Official Paperwork is still done in German
All in all, getting stuff done in Frankfurt is relatively straight forward. You won’t run into too many issues on a day to day basis whether that’s at a restaurant, grocery store, the gym or something else.
However, there are some times where you’ll really wish you had better knowledge of German. This is almost always when you need to do something official involving some arm of the German Government like registering your address (anmeldung) at the Burgeramt. I think it’s gotten better in the past few years but I suspect newcomers will still have issues with the following:
Receptionists and greeting areas
When I visited doctors, dentists, etc, many of the times I’ve had issues with talking to the admin people. The doctors themselves are perfectly fine and speak enough English to make it work but whenever I’ve called to schedule an appointment, I’ve always been greeted by unfriendly receptionists who refuse to speak English.
Of course I ask them if they speak English at first, and they said not really. In truth, they speak English just fine but lot of times they just refuse to speak it. For this, I’d recommend learning basic German on how to make an appointment. Otherwise, just get someone that speaks German to do it!
The Finanzamt (Tax Office)
I went to the Finanzamt to switch my tax category from tax class 1 to tax class 3. Make sure to read my tax class guide if you are looking to do something similar in the future.

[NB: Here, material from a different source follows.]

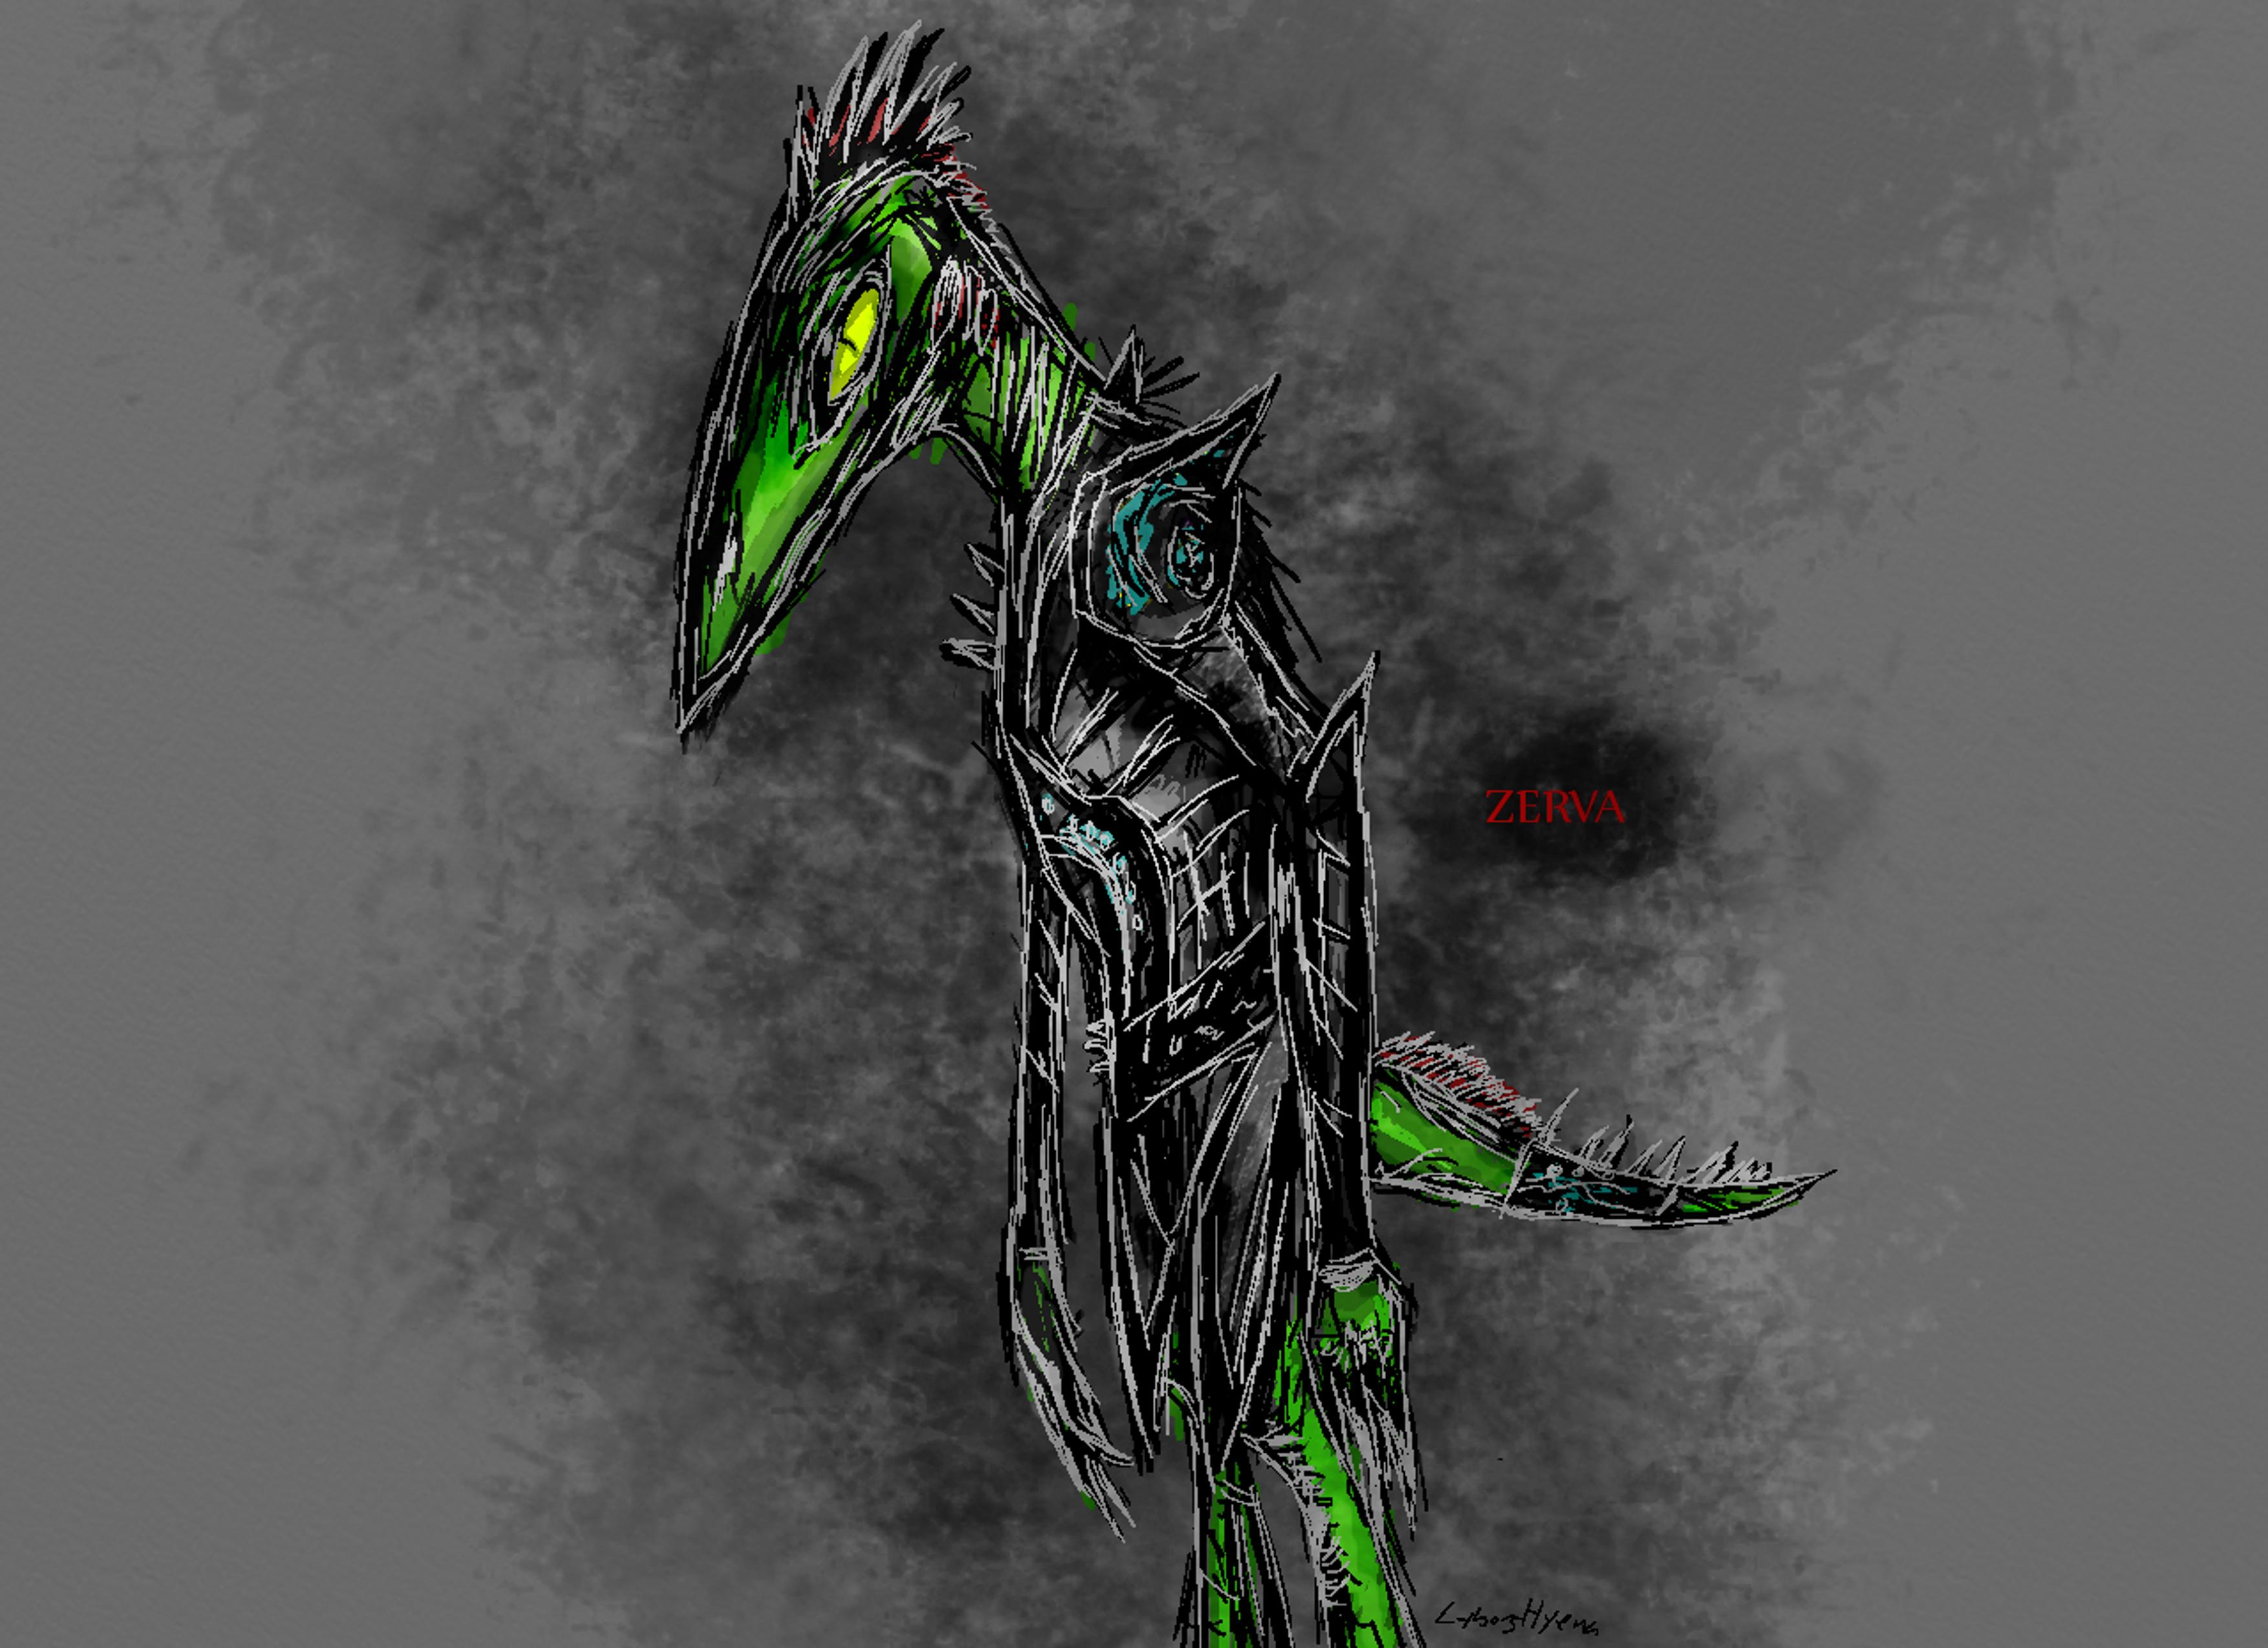 Zerva Soldier by cyborghyena

The work I needed to do was quite simple. I just simply filled out a form and gave it to them. I didn’t have to speak much German for this but as soon as I started asking questions about my future tax return, they were hesitant to speak to me in English. Thankfully, I have someone doing my taxes for me, but I could see this being a headache as well.
While I had someone helping me obtain my EU Blue card, others may not be so fortunate. I can’t speak from personal experience but I’ve heard horror stories of immigration officials not speaking any English to people. A bit counter-intuitive if you think about it. If you’re immigrating to Germany, there’s probably a 99% chance you speak no German. But if the people that work there don’t speak English, how will anything get done?
I’m not sure. Prepare yourself for frustrating experiences at the immigration office. Also, I’ll be blunt but if you don’t look like you could pass as German, you’ll probably get a different treatment.
Any communication is done in German, as you’d expect. Even though my bank account with Commerzbank was opened with the knowledge that all interface would be in English, the official paperwork to set everything up was entirely in German.
Pretty much everything else is also in German. Whether it’s a new cell phone plan, electricity bills, health insurance related stuff, everything is communicated in German. Which leads me to my next point!
When in doubt, use Google Translate
Google Translate has saved my life in so many instances. I can only imagine how different life would be back in the old days before they had the Google Translate app.
I’m not just talking about translating a sentence of two. Like the section above, most written communication is still done in German and if you can’t read German, you’re out of luck. In the old days, you’d have to write the entire letter into a translation app to understand the letter. Before translation services, you’d have to use a dictionary god forbid!
Nowadays, with the Google Translate app, you can actually just take a picture and scan a document and it will translate everything for you. It may not be the most accurate translation but it is enough to give you a general overview of what the letter is about. It’s a complete life saver.